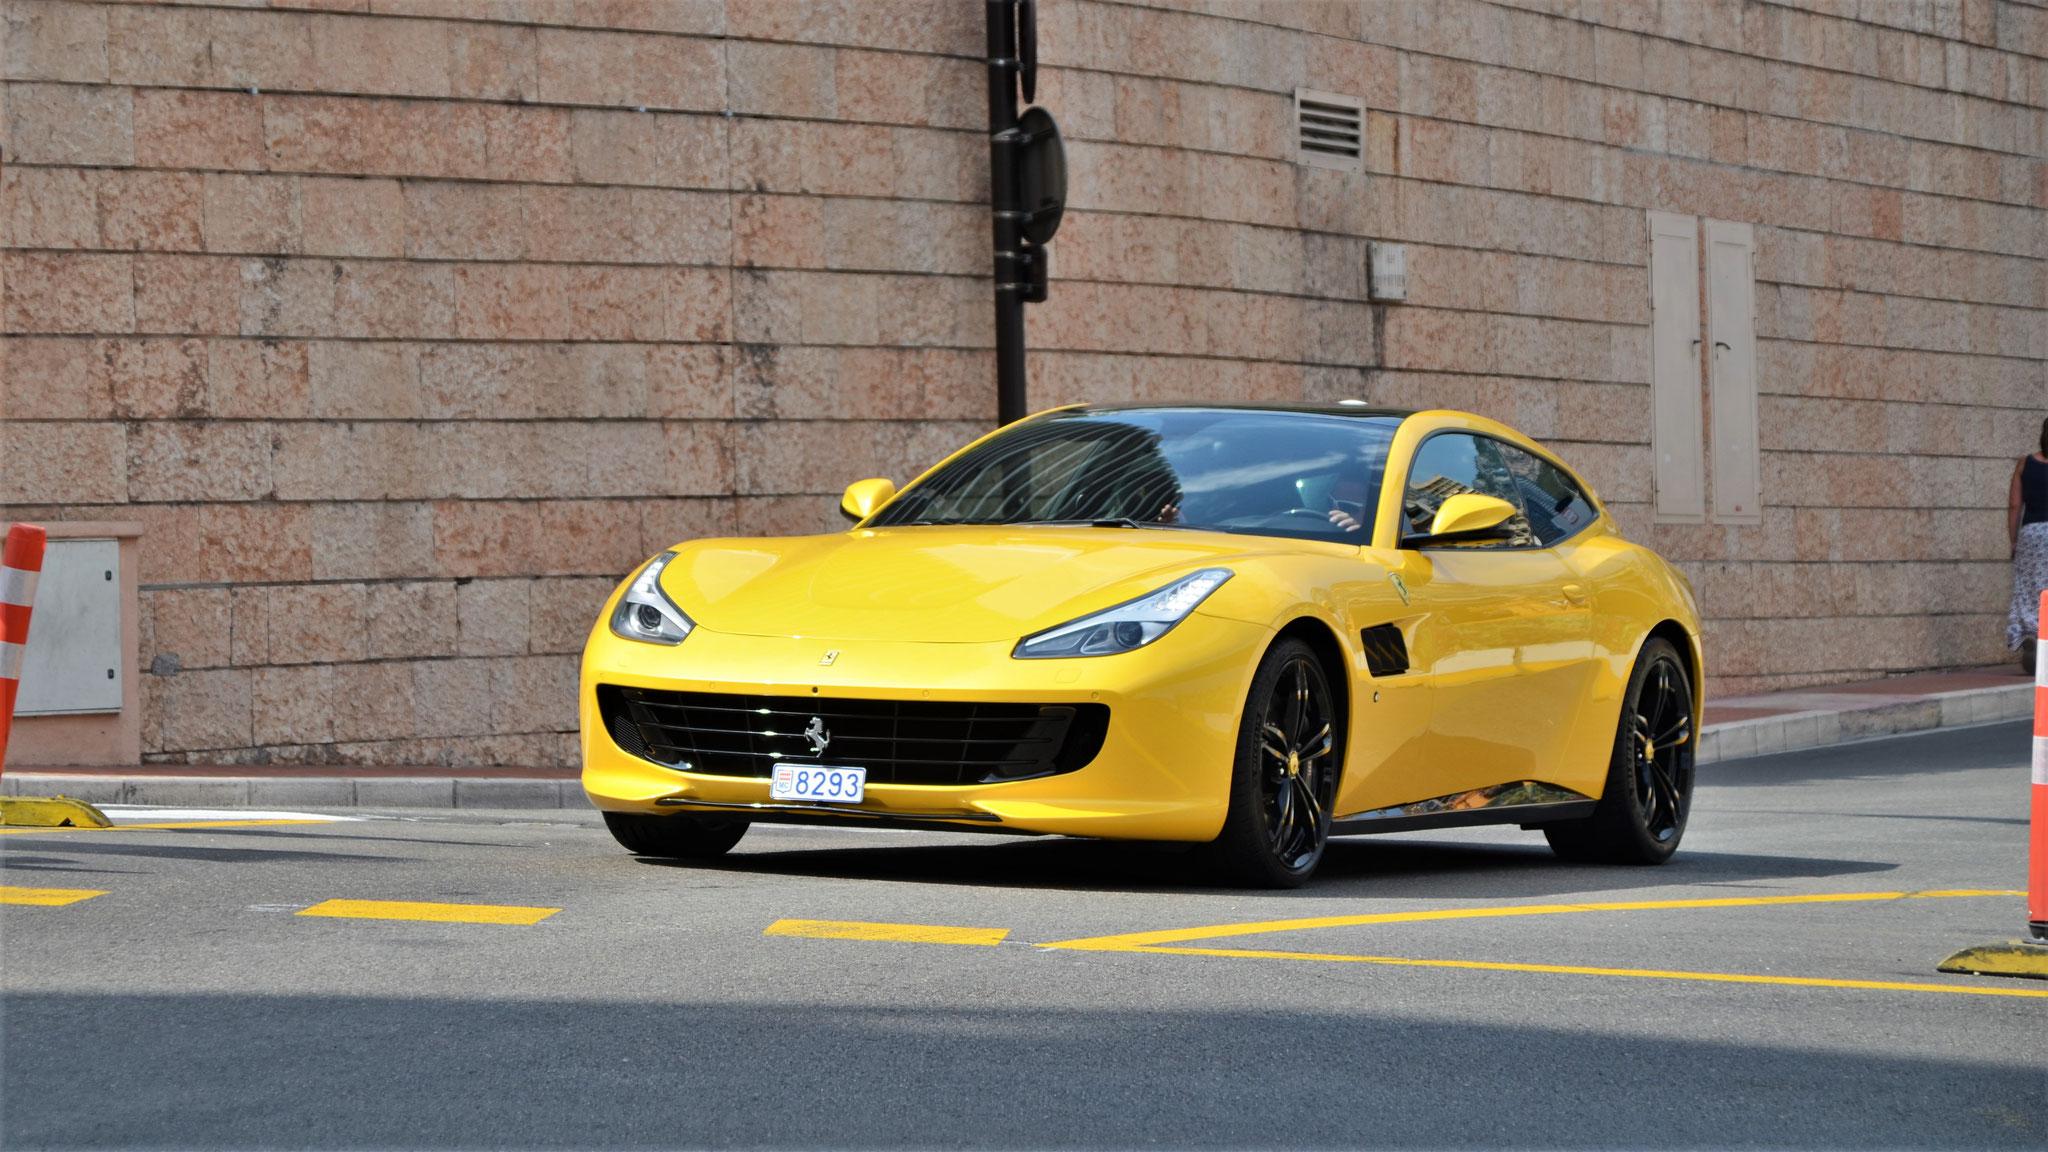 Ferrari GTC4 Lusso - 8293 (MC)
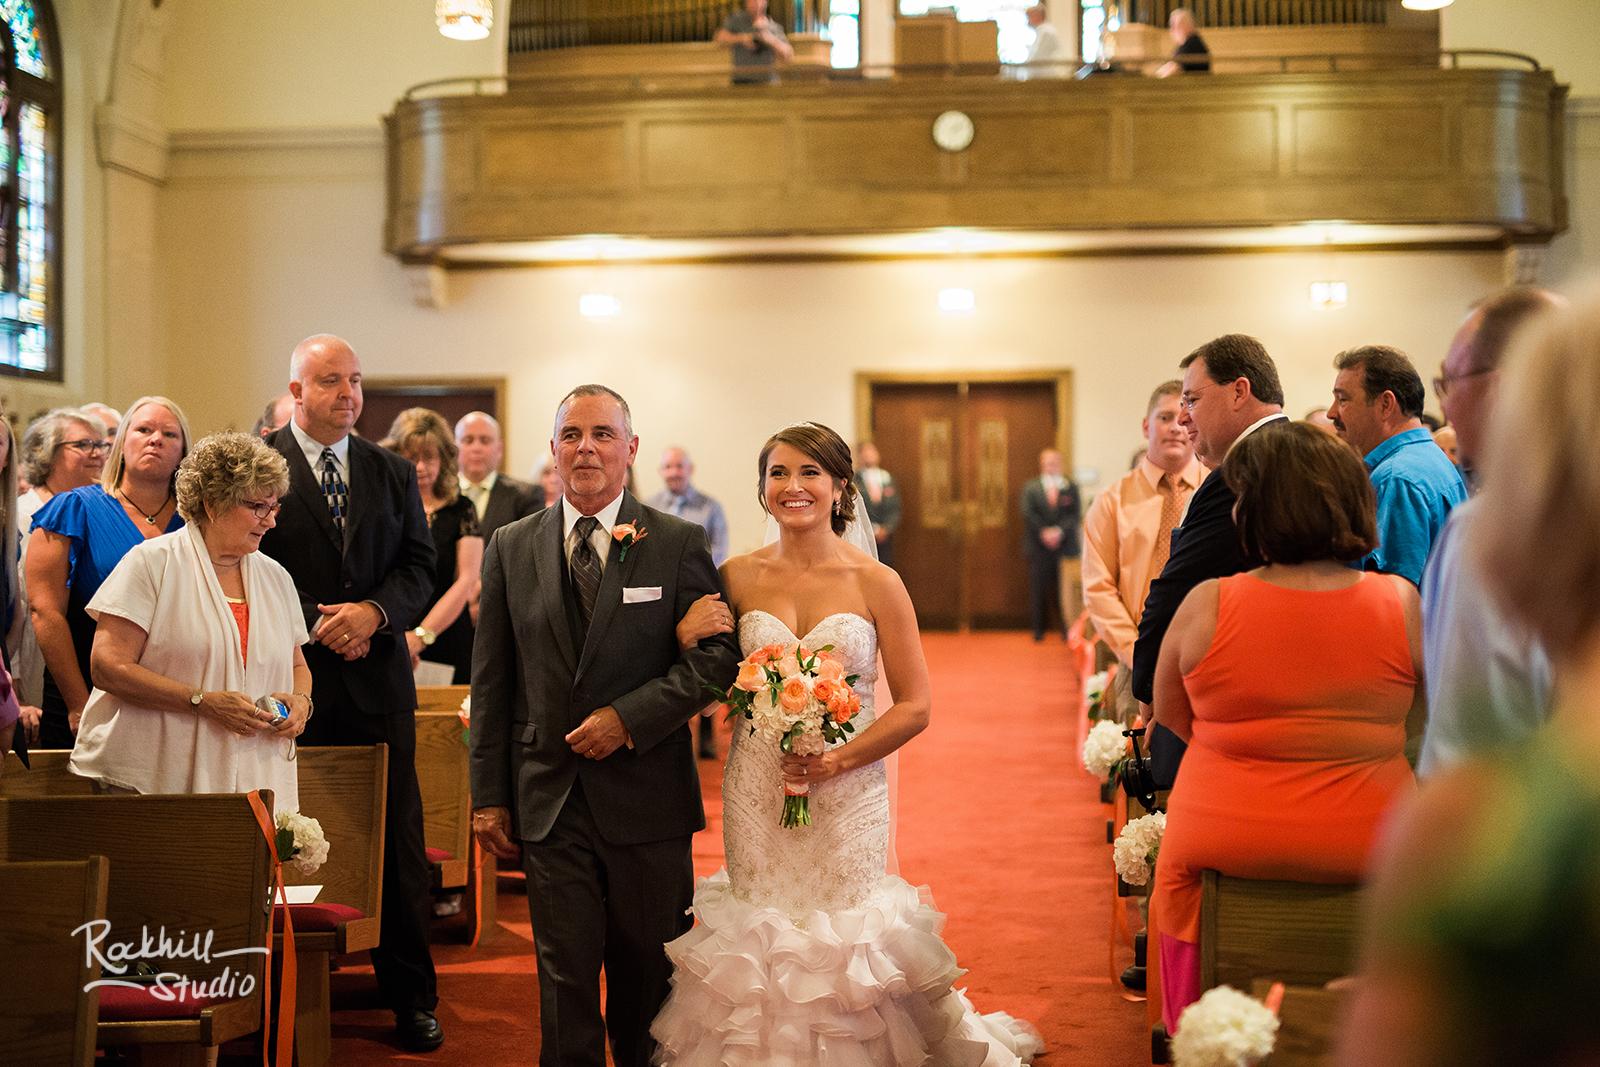 marquette-wedding-upper-peninsula-northern-michigan-wedding-ck-photography-wedding-party-6.jpg
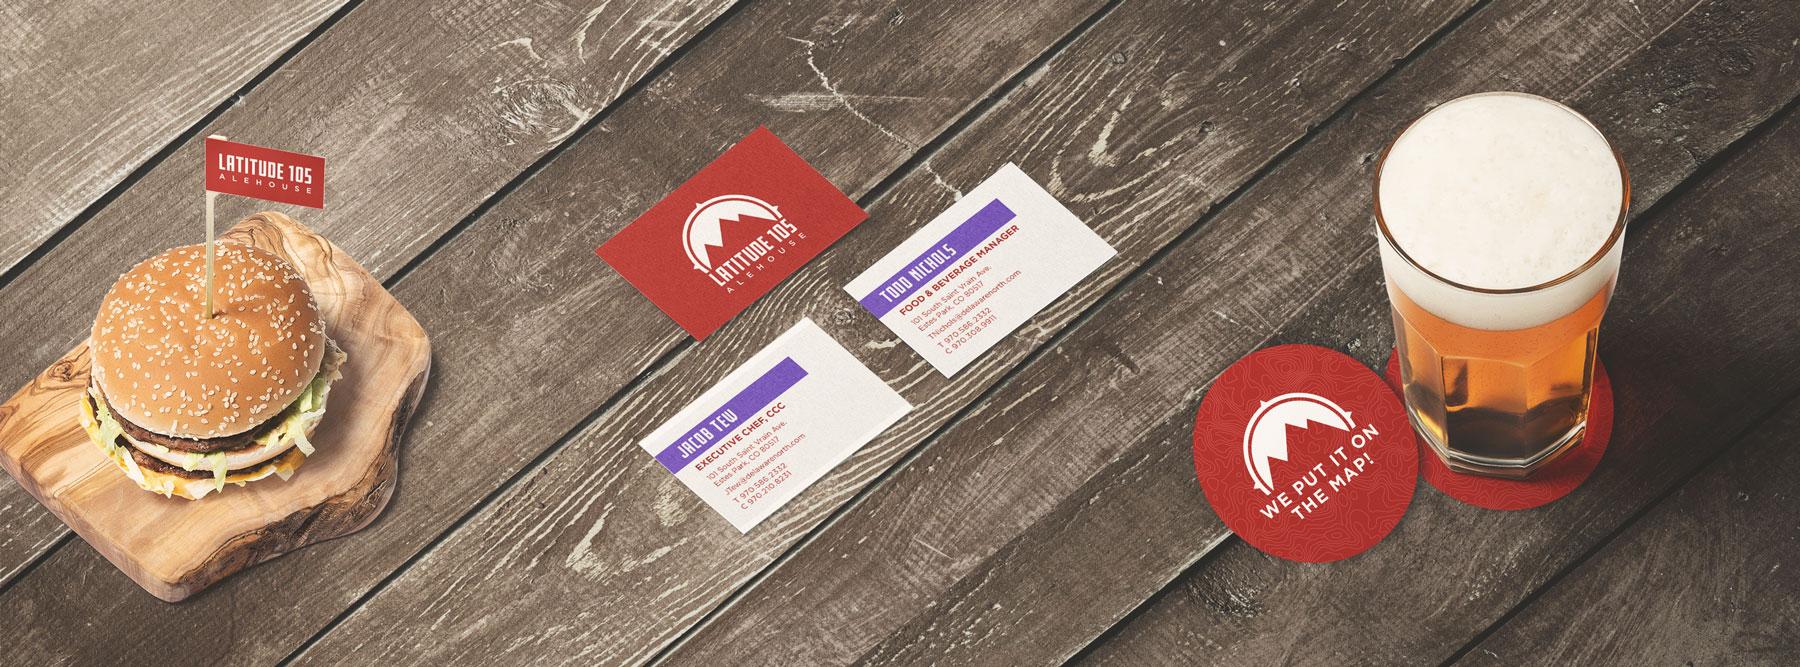 latitude-105-business-cards

- [Work instruction]:
Give back the material above exactly as written, but omit the images.

- [Answer to this task]:
 Ferrari GTC4 Lusso - 8293 (MC)
 marquette-wedding-upper-peninsula-northern-michigan-wedding-ck-photography-wedding-party-6.jpg
 latitude-105-business-cards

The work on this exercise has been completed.